ABOUT THIS TASK ▸ The result should be the listing below restated word for word, with images left out.

RECORDED INFORMATION ▸
BEGIN
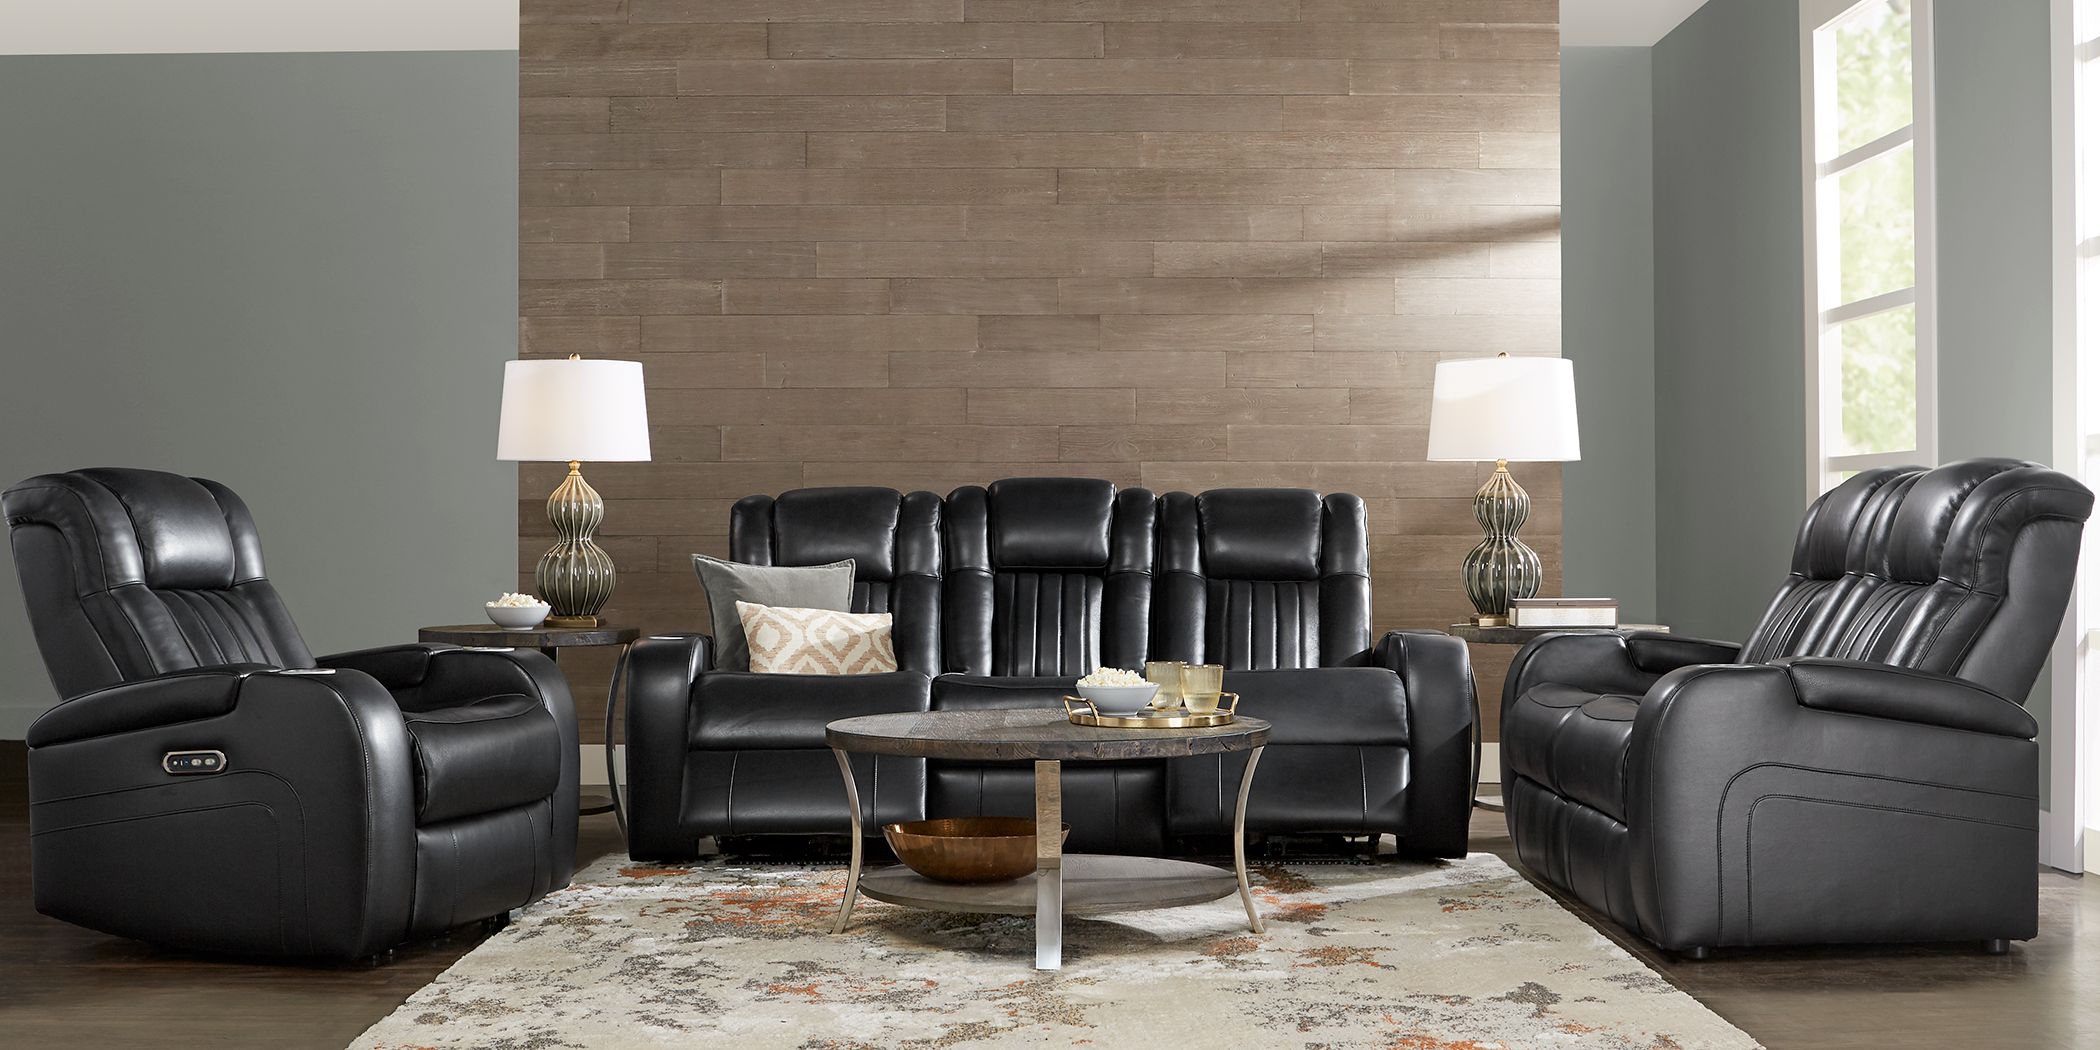 5 Piece Living Room Furniture Sets With Sofas
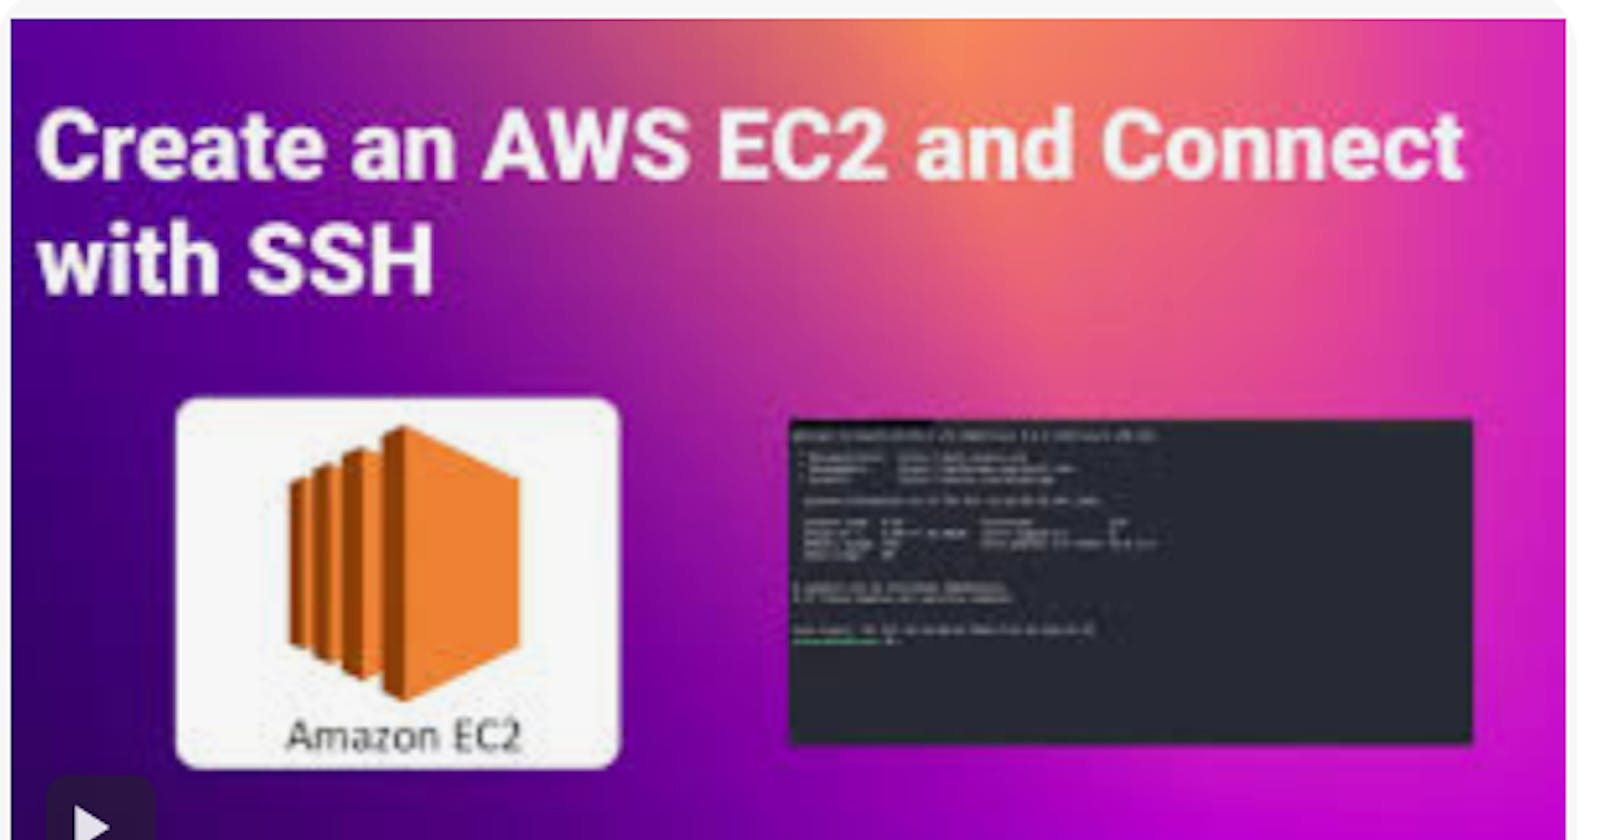 Connect on your EC2 instances with Local host by ssh
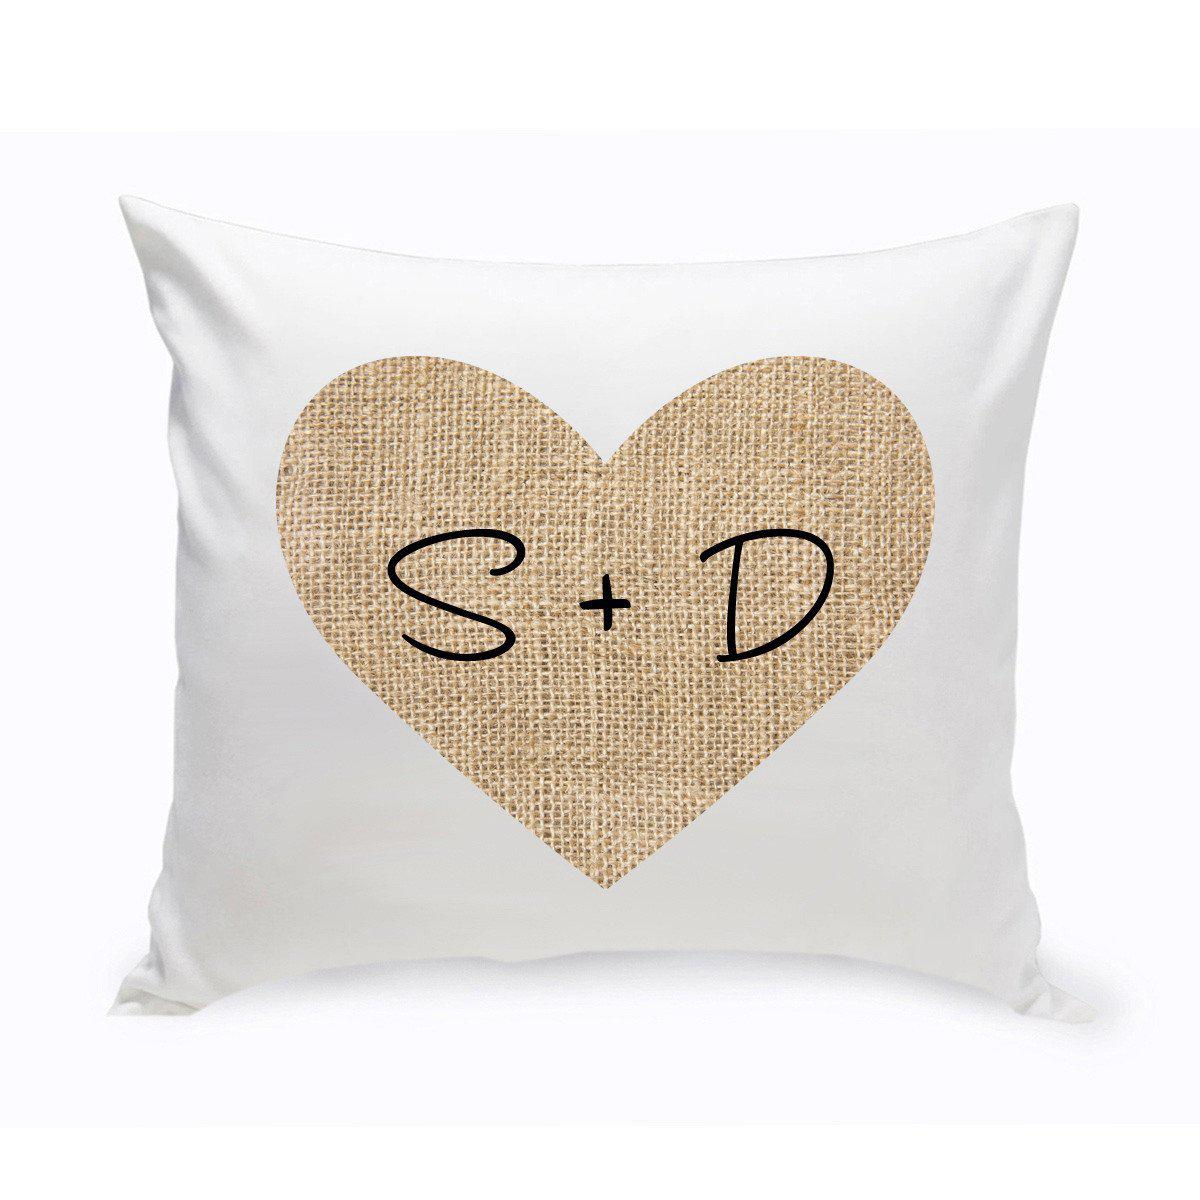 Personalized Couples Throw Pillows - Burlap Heart
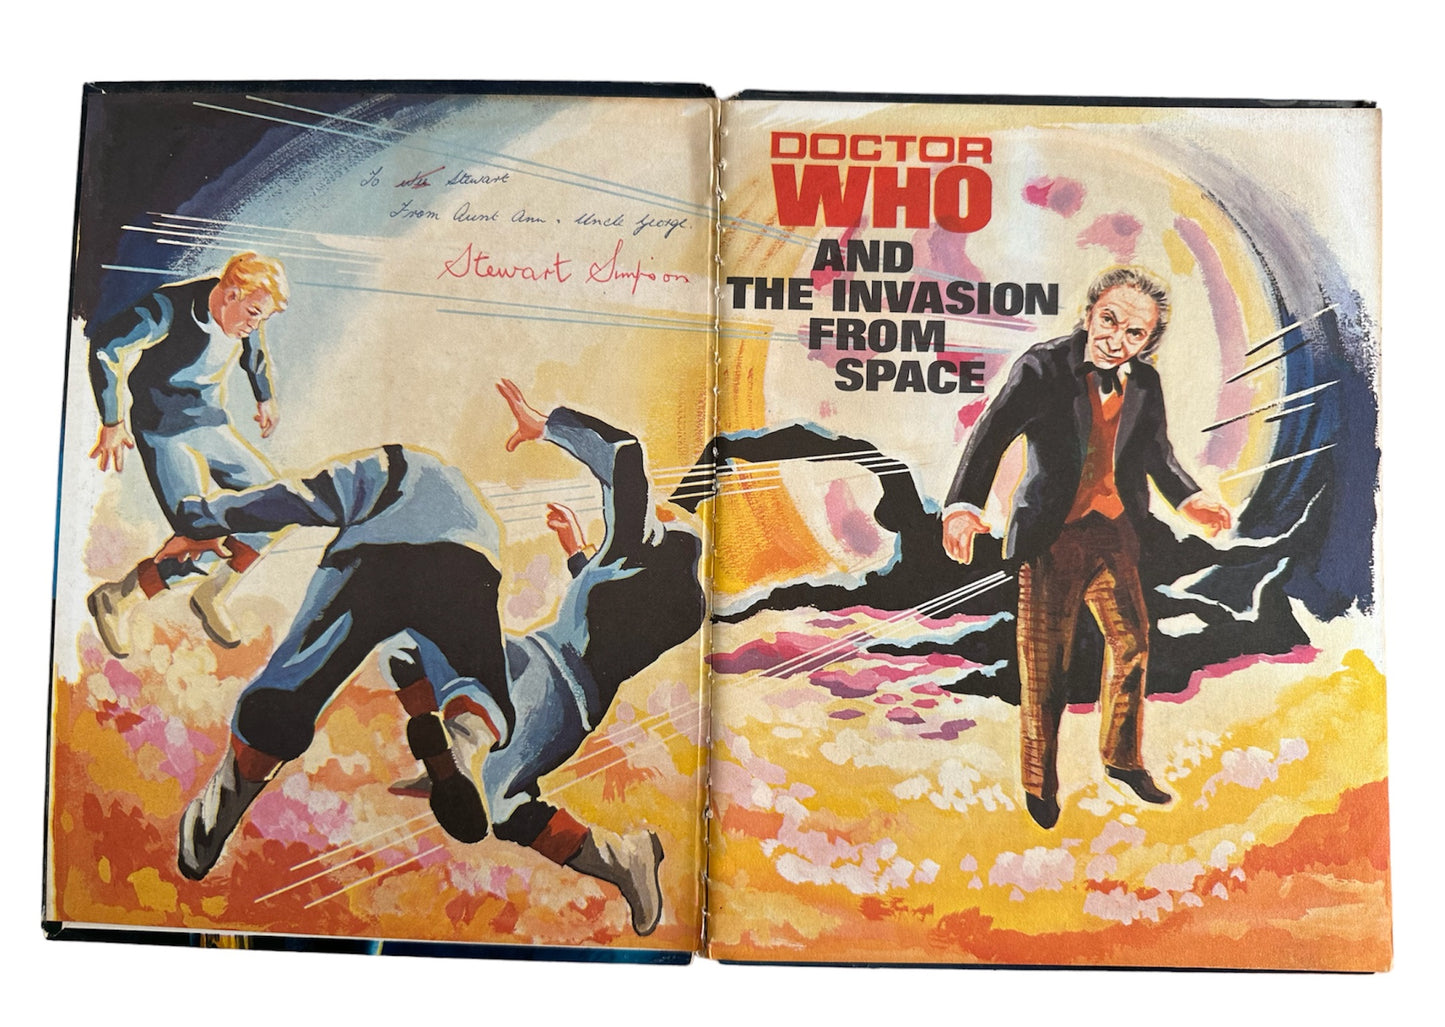 Vintage Doctor Who And The Invasion From Space Annual 1966 William Hartnell as the Dr. - Good Condition Very Rare Hardback Book.
END
RESPONSE TO THE EXERCISE ▸
 5 Piece Living Room Furniture Sets With Sofas
 Connect on your EC2 instances with Local host by ssh
 Personalized Couples Throw Pillows - Burlap Heart
 Vintage Doctor Who And The Invasion From Space Annual 1966 William Hartnell as the Dr. - Good Condition Very Rare Hardback Book.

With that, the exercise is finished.